Rhea v. Bagley

Decision Date23 January 1897
Citation38 S.W. 1039,63 Ark. 374
PartiesRHEA v. BAGLEY
CourtArkansas Supreme Court

Appeal from Lawrence Circuit Court, Eastern District JAMES W BUTLER, Judge.

Judgment reversed and cause remanded for new trial.

J. K Gibson and J. M. Moore for appellant.

The effect of the conveyance was to vest the title in the minors and they acquired a present interest. 45 Ark. 481; 48 id. 17; 51 id. 530; 52 id. 188. On the execution and delivery of the deed to the father, the children became entitled to the rents and profits, and the father was accountable as their natural guardian during his life for such rents, etc., and his estate is liable. 15 Grat. 513; 34 Ala. 581; 64 Ga. 768; 7 Cow. 36; 8 Fla. 144; 7 Wend. 354; 1 Blackstone's Com., marg. p. 461. Where a father makes a gift to an infant, and takes possession, or holds as natural guardian, his possession is that of the infant. 3 Mon. 35; 7 id. 97; 4 Greene (Ia.), 211; Thornton on Gifts, sec. 174. The rule is the same whether the gift is from the father or from a stranger. 8 Ark. 107; 10 id. 224.

Chas. Coffin for appellee.

All the circumstances show that an advancement was intended to take effect on the father's death. As the natural guardian, the father was not liable to an accounting for rents. Sand. & H. Dig., sec. 3568. The cases cited by counsel all refer to foreign acquisitions, or to estates acquired from sources other than the natural guardian, except 64 Ga. 768, which is not in point.

BATTLE, J. BUNN, C. J., dissenting.

OPINION

BATTLE, J.

Moses B. Rhea purchased of Mrs. Mary A. Boas two lots, and paid for the same. She conveyed them, at the request of the purchaser, to his two minor sons, James M. and W. P. Rhea, by deed bearing date the first day of March, 1887, the father "remarking at the time that he gave the property to the boys." The sons having no curator or guardian, the deed was delivered to the father, and he took "charge" of the lots, "and collected all the rents arising from the same up to the date of his death," which occurred in March, 1893. After his death, James M. Rhea, and G. A. Henry, as guardian of W. P. Rhea, presented an account against his estate for the rents collected by him, amounting to $ 2,511, properly sworn to, which was disallowed by the probate court. On appeal to the circuit court, it was admitted by all parties as evidence that the amount of rents collected by the deceased in his lifetime was substantially the amount claimed in the account presented. The claim was disallowed by the circuit court, and the plaintiffs appealed.

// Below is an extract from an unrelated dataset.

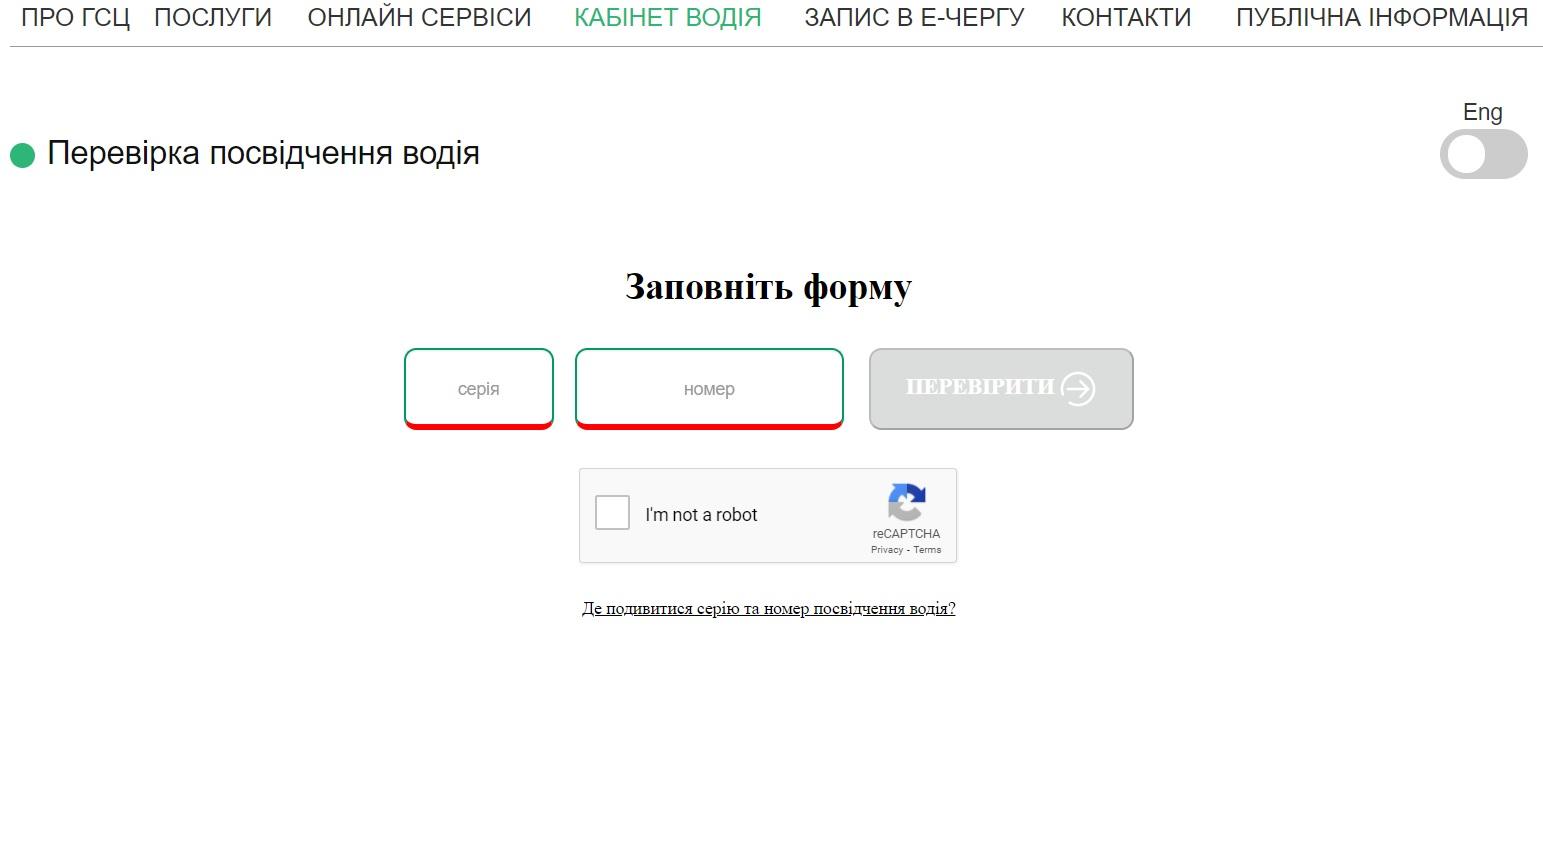 Форма для проверки водительского удостоверения на сайте МВД

The conveyance of the lots to the two minor sons, at the request of the father, was an advancement. The title vested in them, and they became entitled to the possession of the lots from the time of the delivery of the deed to their father. Robinson v. Robinson, 45 Ark. 481; Bogy v. Roberts, 48 Ark. 17, 2 S.W. 186; Eastham v. Powell, 51 Ark. 530, 11 S.W. 823; Kemp v. Cossart, 47 Ark. 62, 14 S.W. 465; White v. White, 52 Ark. 188, 12 S.W. 201.

The acceptance of the deed by the father for the sons, they being minors, was a sufficient delivery, the conveyance being beneficial to them. Eastham v. Powell, 51 Ark. 530, 11 S.W. 823; Tiedeman, Real Property, sec. 814; Thornton, Gifts and Advancements, secs. 174 and 175; 2 Jones, Real Property, sec. 1276.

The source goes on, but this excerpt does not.